Top of Source records
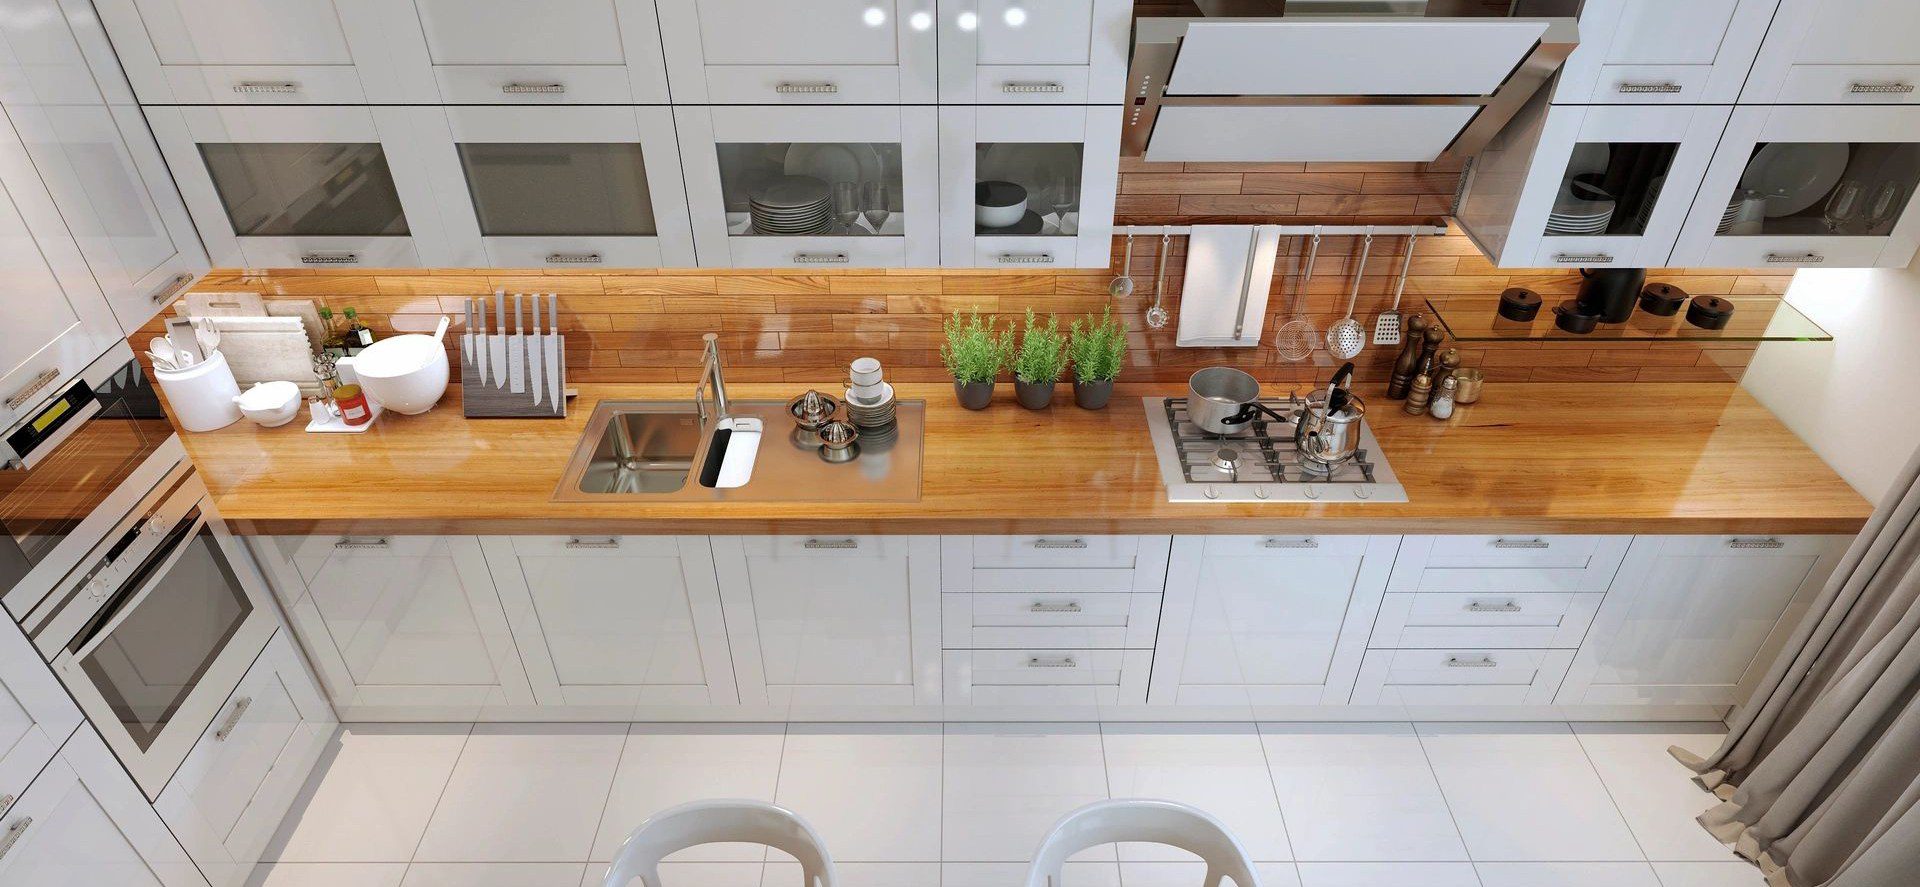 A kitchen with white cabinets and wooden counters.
Bottom of Source records
Top of Source records
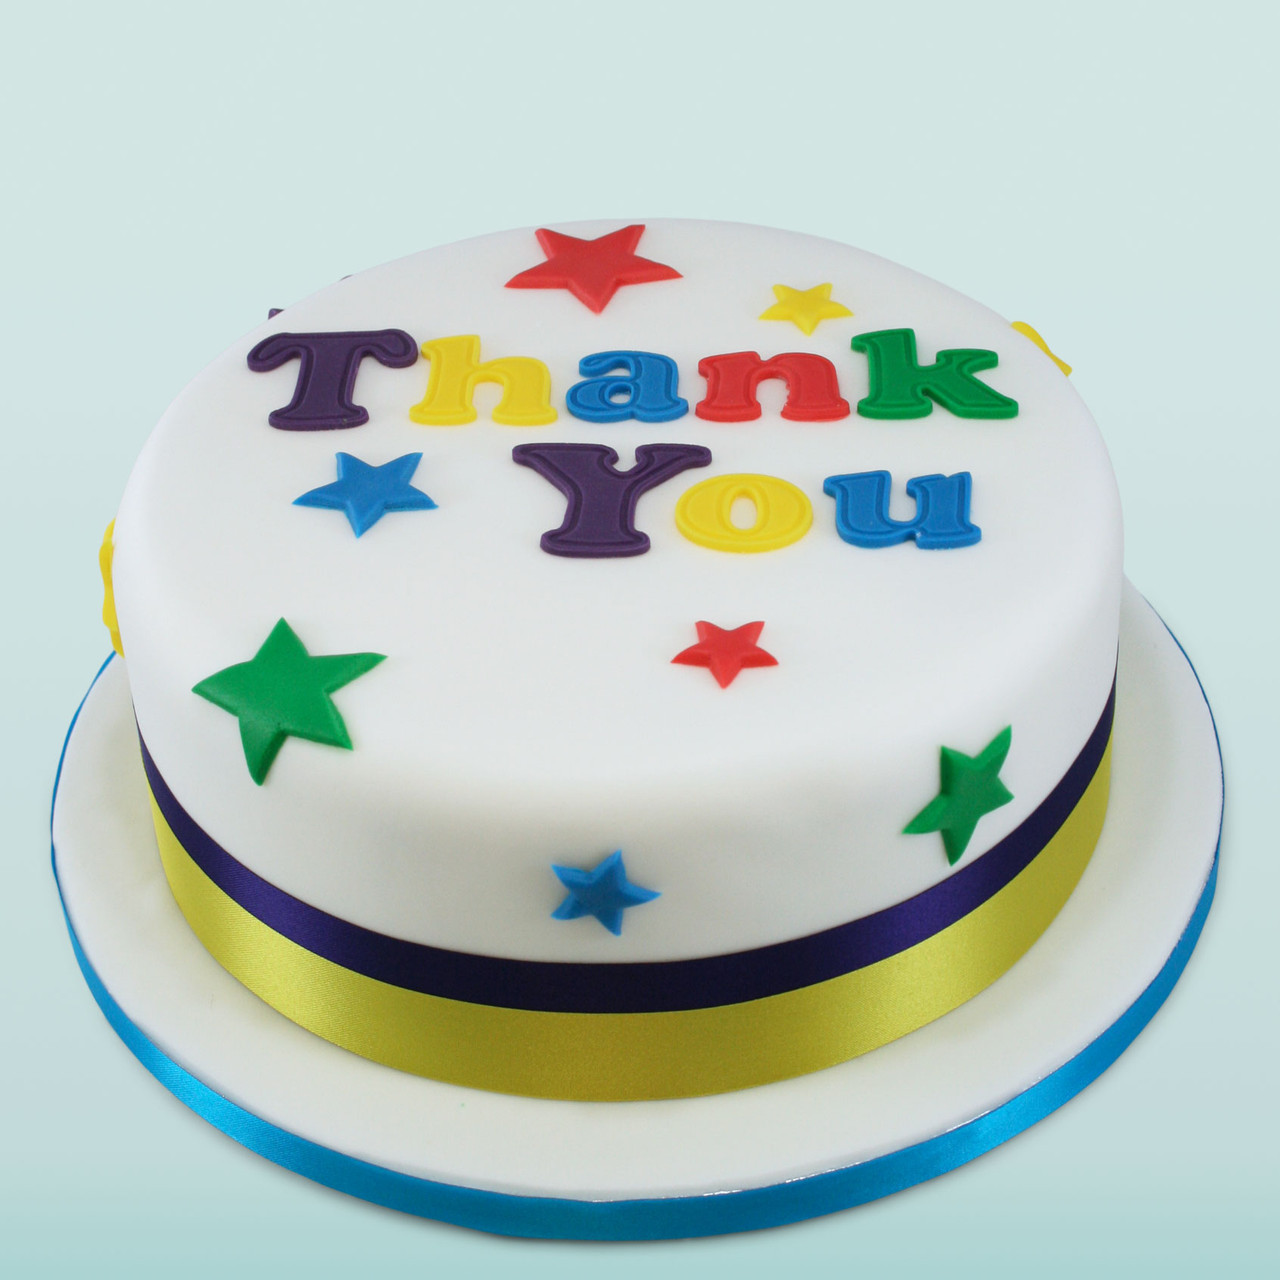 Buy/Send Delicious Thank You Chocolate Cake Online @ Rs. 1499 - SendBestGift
Bottom of Source records
Top of Source records
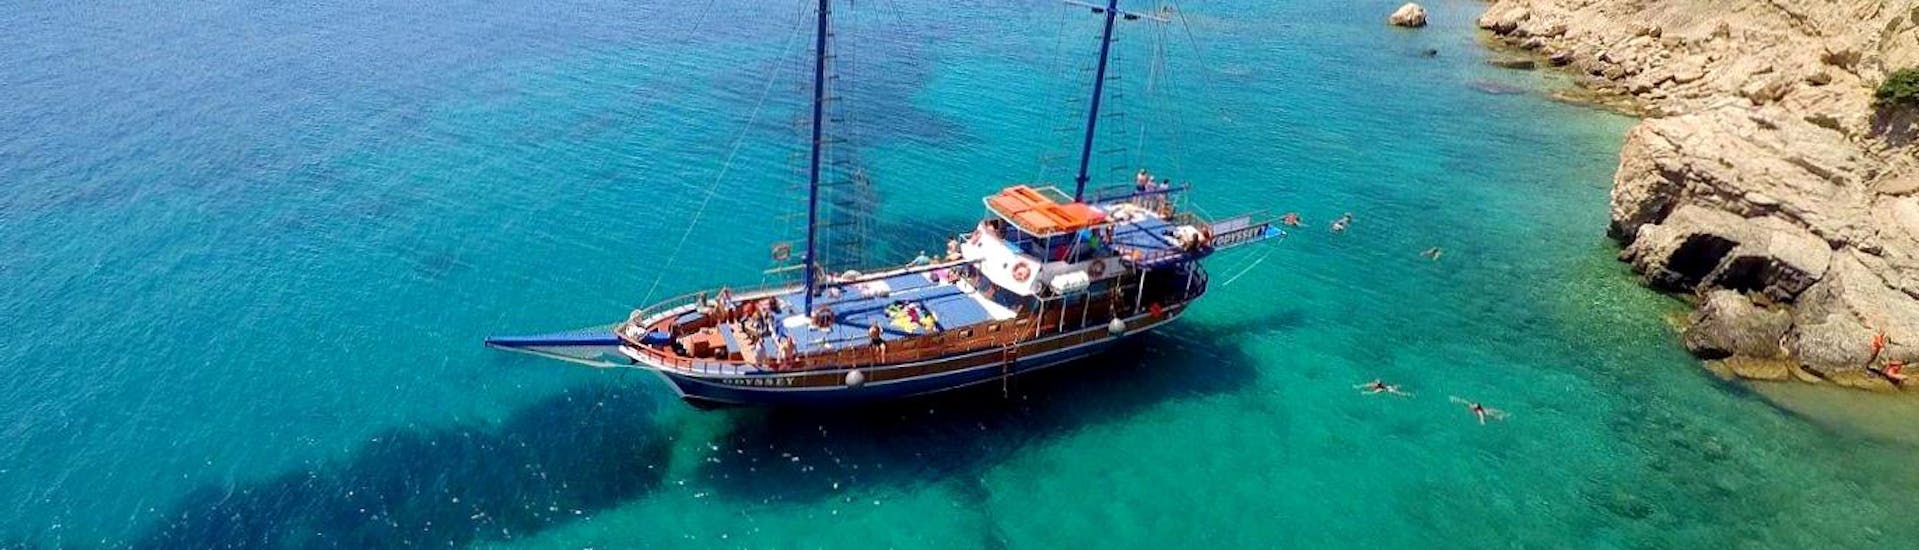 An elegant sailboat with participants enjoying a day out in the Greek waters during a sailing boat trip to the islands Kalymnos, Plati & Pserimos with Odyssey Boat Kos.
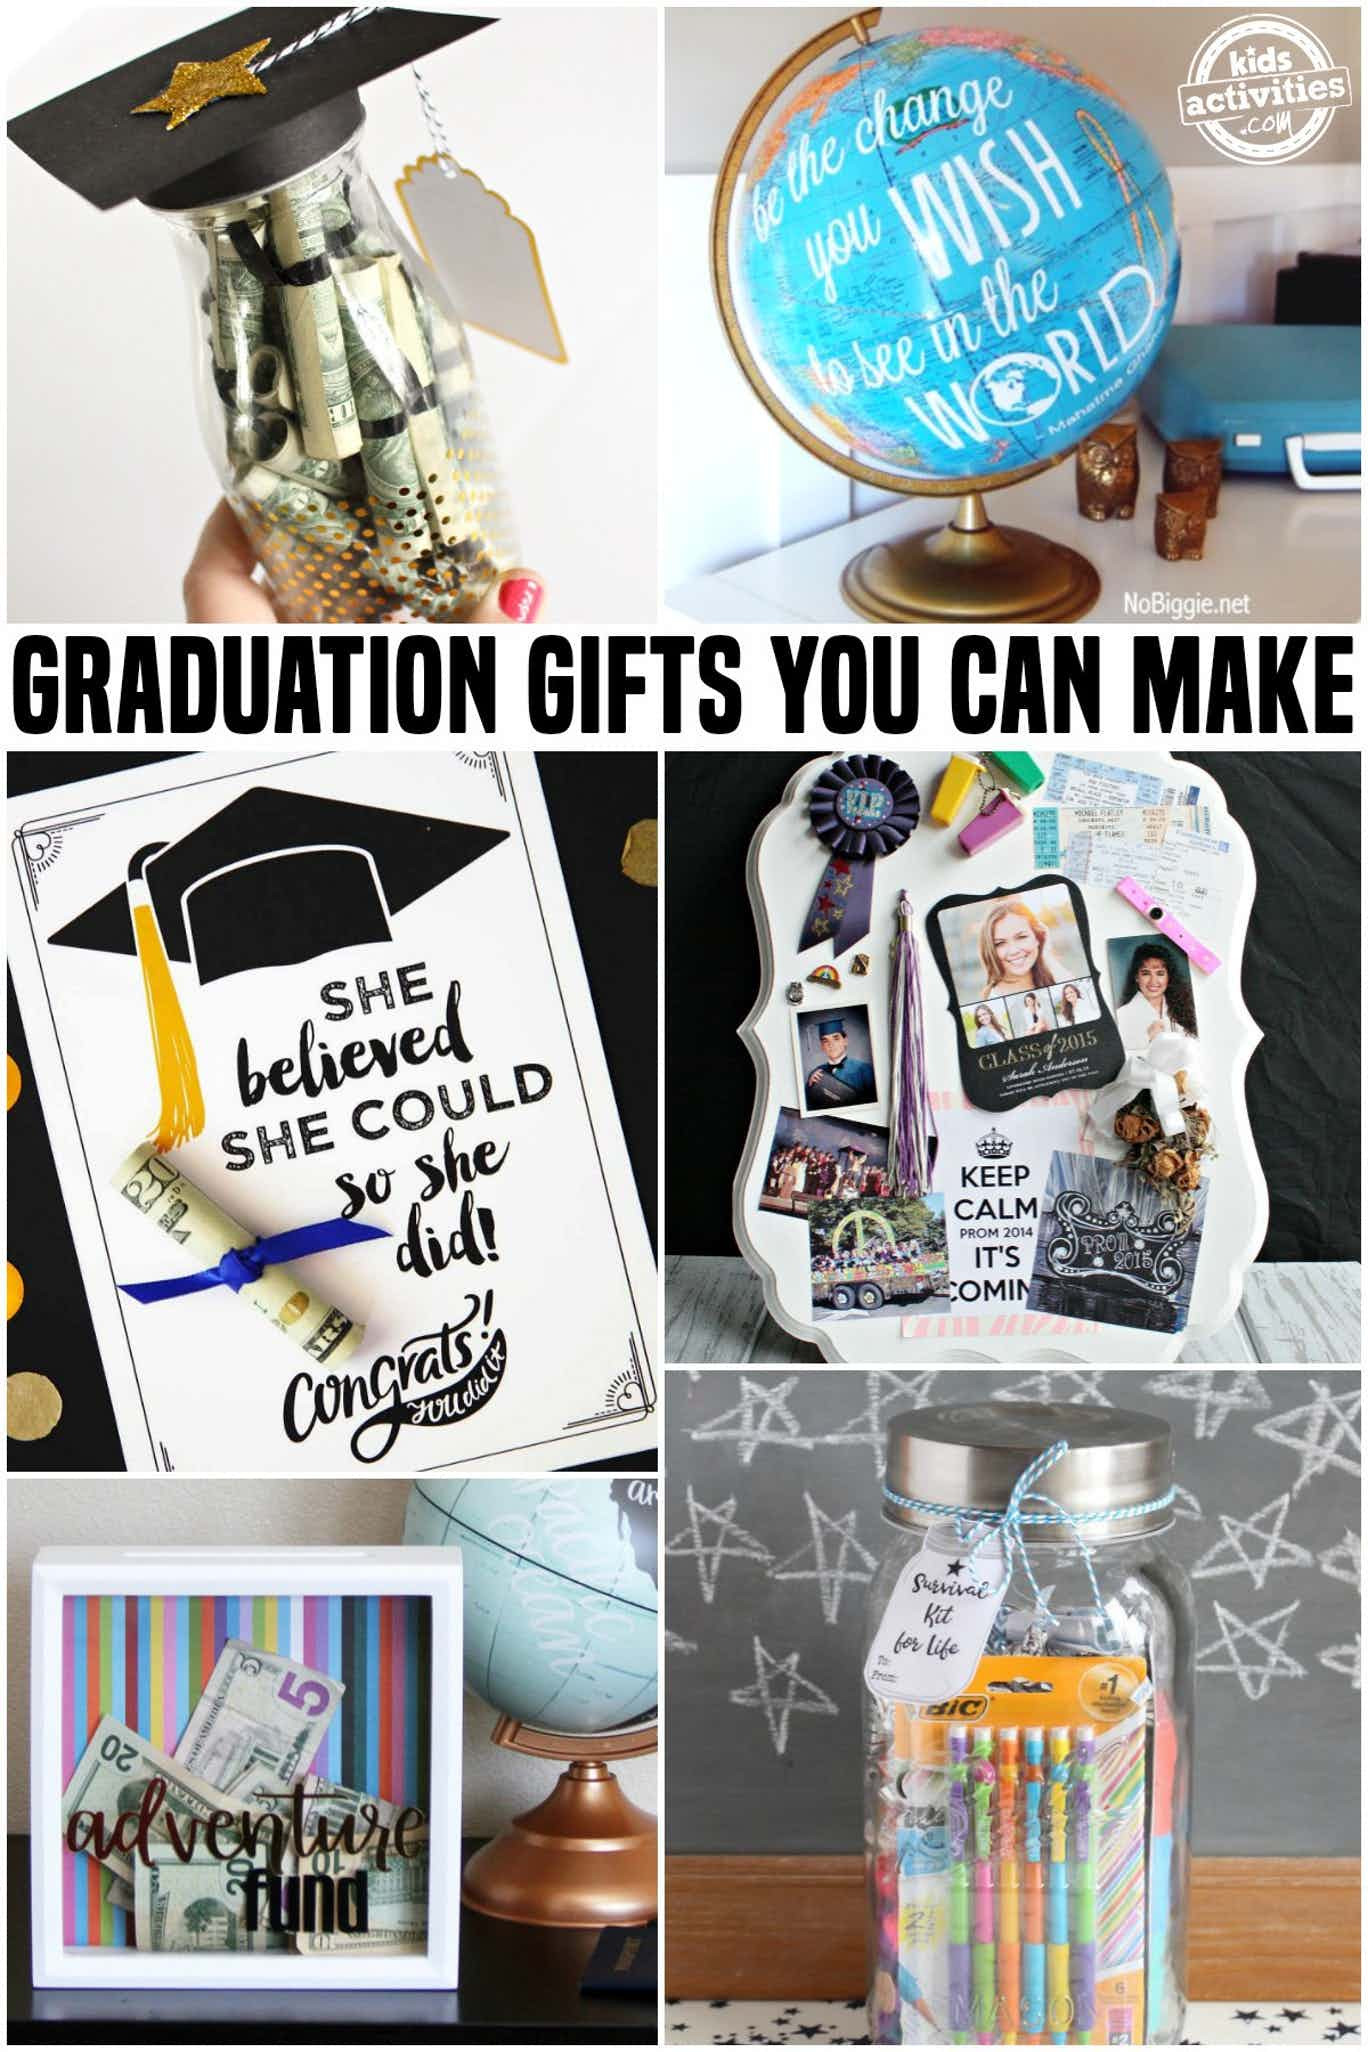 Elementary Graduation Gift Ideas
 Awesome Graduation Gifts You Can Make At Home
Bottom of Source records
▸ Your task: For the entries above, print exactly the lines between the one with "An elegant sailboat" and the one with "Awesome Graduation Gifts", inclusive, with no pictures.

▸ Written response:
 An elegant sailboat with participants enjoying a day out in the Greek waters during a sailing boat trip to the islands Kalymnos, Plati & Pserimos with Odyssey Boat Kos.
 Elementary Graduation Gift Ideas
 Awesome Graduation Gifts You Can Make At Home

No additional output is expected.